Farhad Gulemov said:


> if you want the strobe mode, you first have to switch on the "turbo' mode at full blast, _*thereby revealing yourself and your flashlight*_, and then rapidly press the switch twice before the strobe goes on.



Yeah... this is a bit of a hassle! That's one thing I like more on my Olight M30... it has that button on the tail for instant strobe!!!  Don't get me wrong though... I still love my TK40!!


----------



## bedazzLED (Jan 13, 2010)

Hi all.

Count me into the fan club also. I received the TK40 for my birthday last year and it is just fantastic. My most used large light.

It was looking a little lonely so I got the TK30 as a companion to it at christmas .

Now I have my top six lights sitting on my desk. My TK40 and TK30 towering over all, then my TK10 and Nitecore D10, then my 4Sevens Mini 123 and my Lummi Raw NS.
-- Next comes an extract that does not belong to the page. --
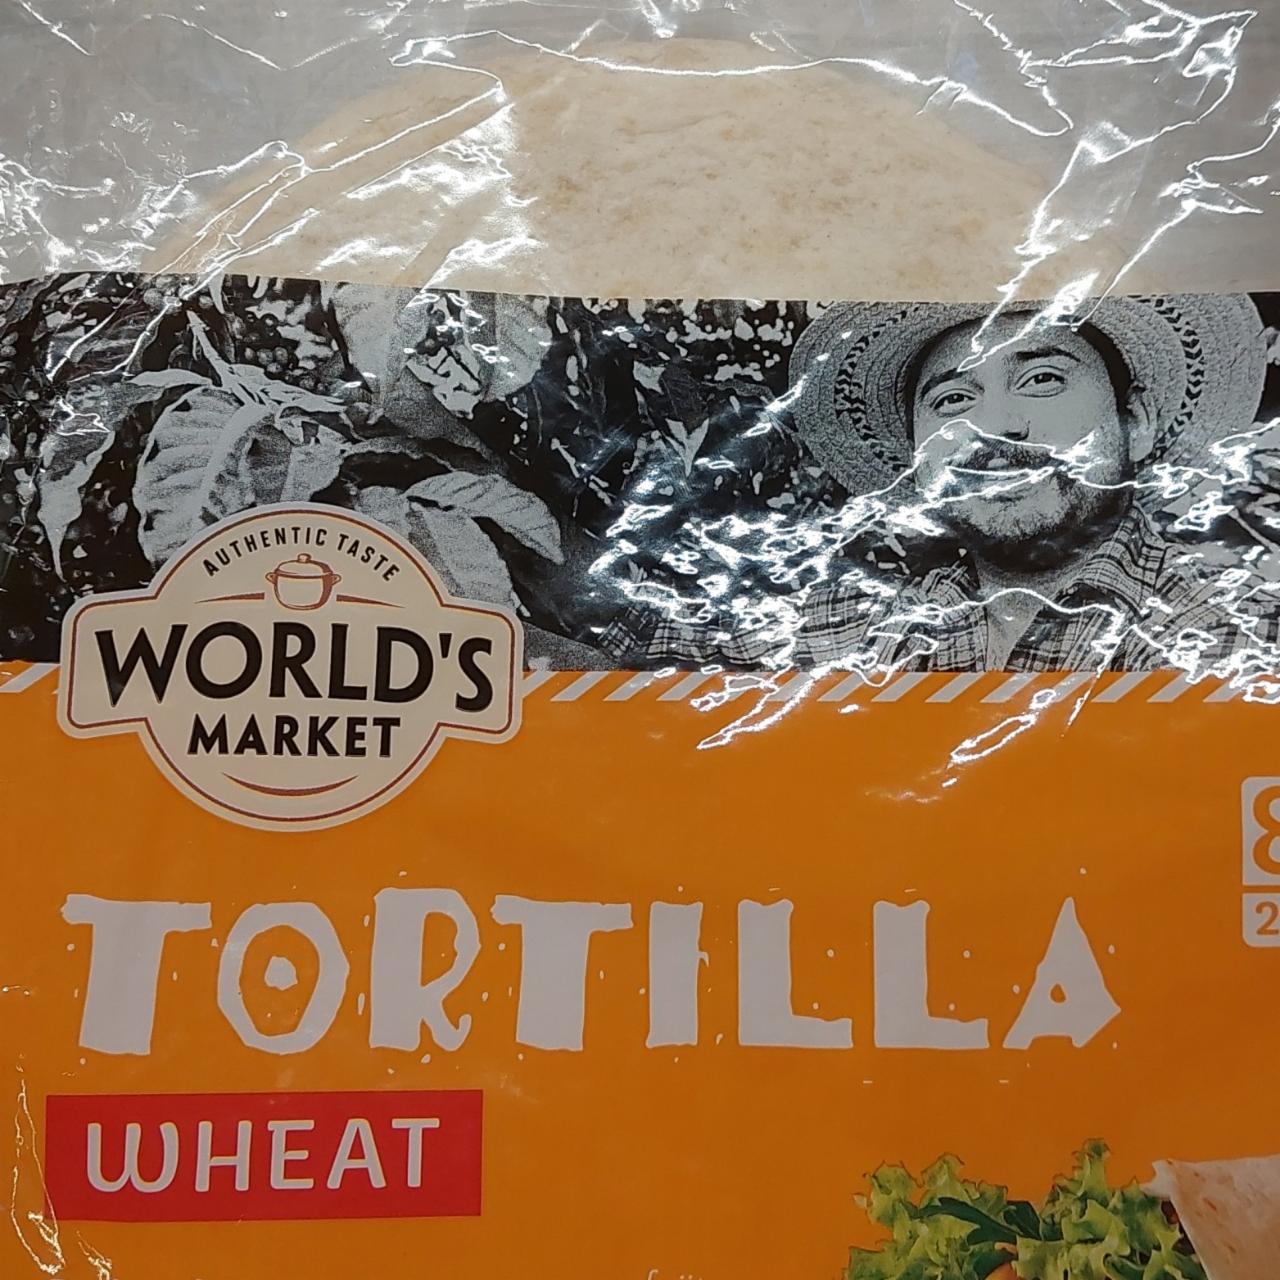 Fotografie - Tortilla wheat World's Market

Regards from the land down under.


----------



## Rich_T23 (Jan 13, 2010)

Ive just got hold of a TK40 to replace my old 2 D cell mag lite ( with a standard bulb in ) and, er, its somewhat brighter.
Its going to be interesting to see what other peoples reactions are to this later, especialy as most are used to nothing better than a standard mag.


----------



## Drudge (Jan 13, 2010)

Another TK40 owner/lover checking in :twothumbs


----------



## Mr Floppy (Jan 14, 2010)

I use the TK40 as a bike light. I mount it to my handle bars using the TwoFish Cyclopblock. Unfortunately the strap that came with cyclopblock was a bit short so I had to make my own with some longer bits of velcro and a washer for the buckle and voila.






For those wondering how stable it is, its not bad. The rubber of the cyclopblock doesnt move too much. I wouldnt recommend going fast down hill off the track. Little to medium bumps are ok. Suspension forks help too. 
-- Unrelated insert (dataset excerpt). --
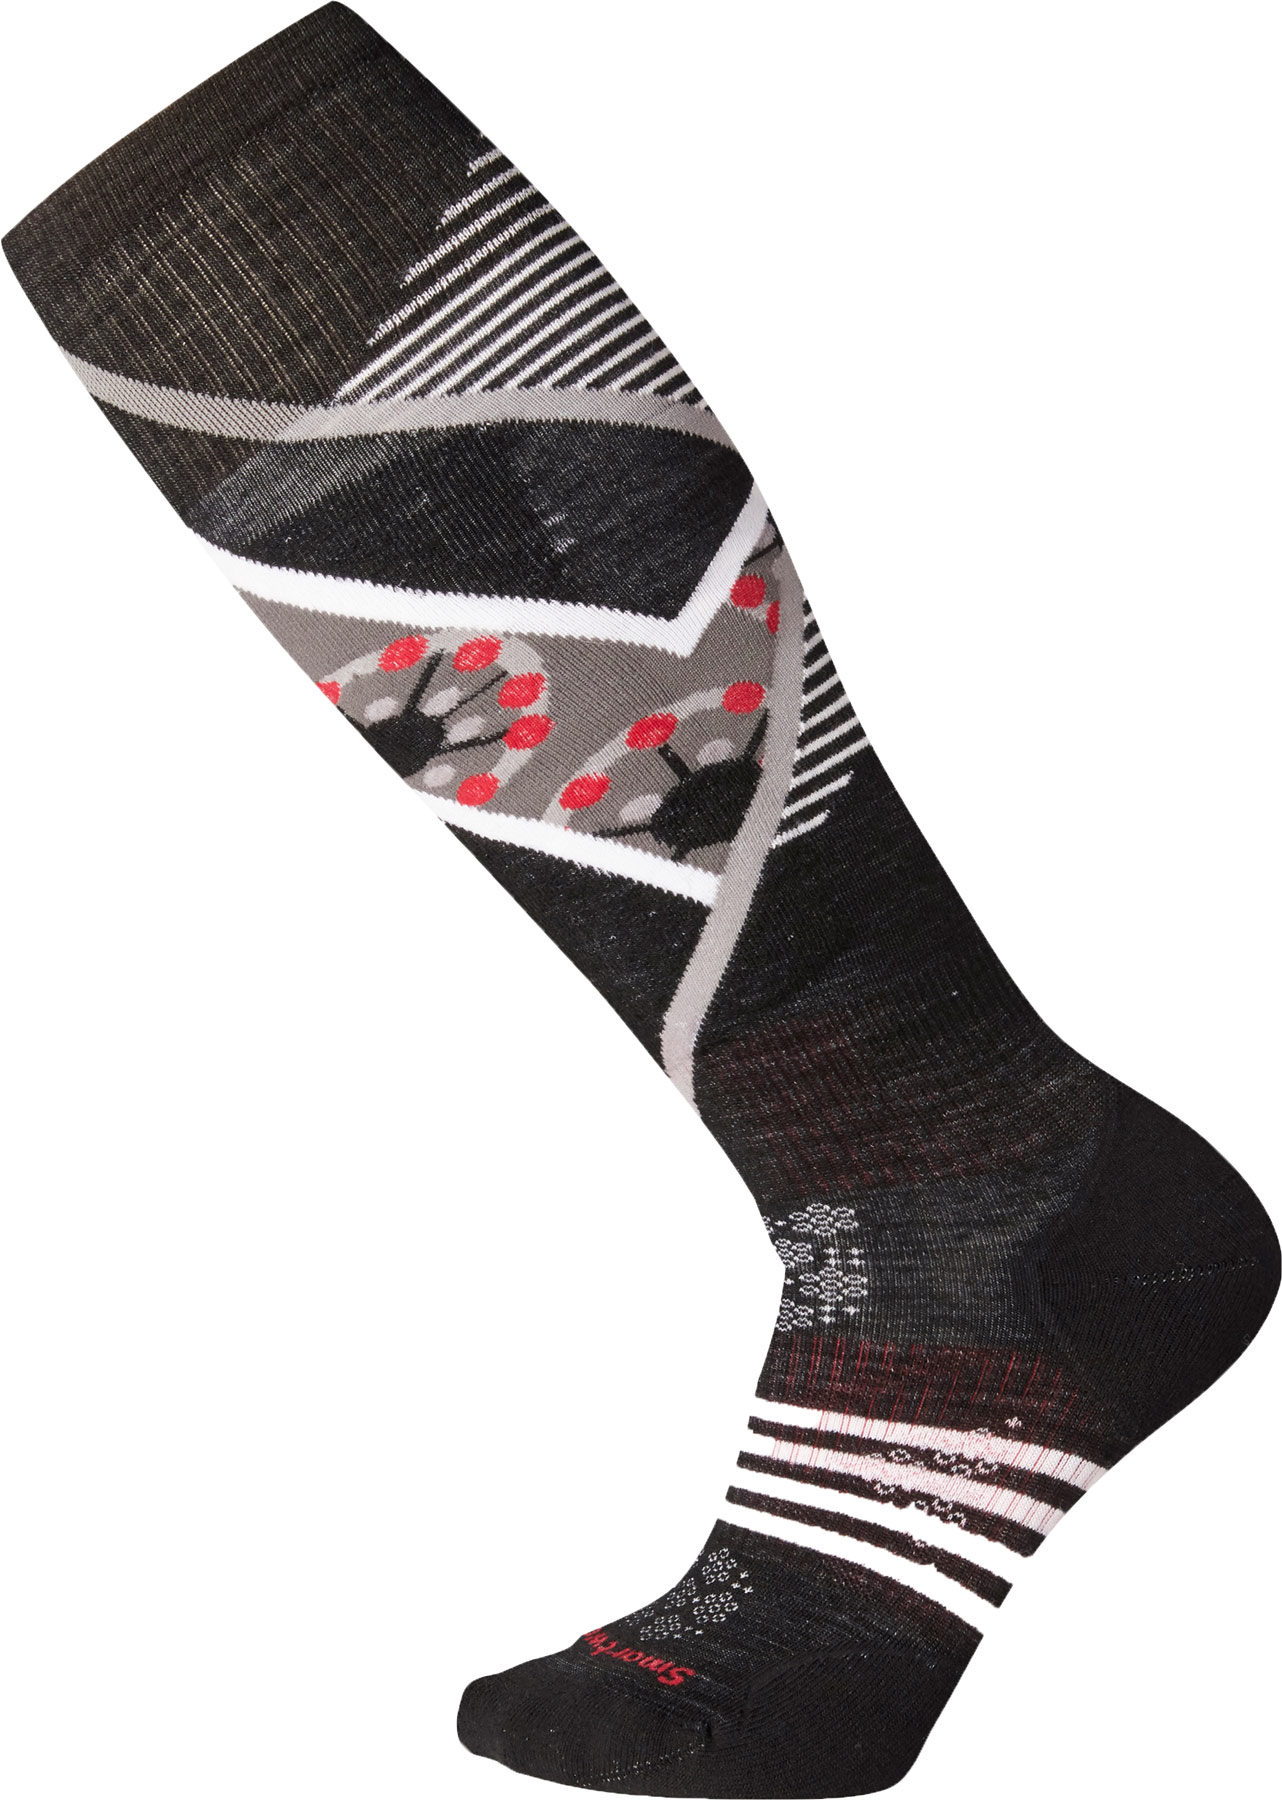 Women’s ski socks

Now if I can find a red filter for the fenix MC-10, I'll have a good rear light.


----------



## Farhad Gulemov (Jan 14, 2010)

Speaking of red filters, has anybody ever seen one for the TK40? I could really use one.

Thanks!


----------



## Farhad Gulemov (Jan 14, 2010)

Mr Floppy said:


> I use the TK40 as a bike light.



I am curious - on what power setting do you use it most?


----------



## Mr Floppy (Jan 14, 2010)

Farhad Gulemov said:


> I am curious - on what power setting do you use it most?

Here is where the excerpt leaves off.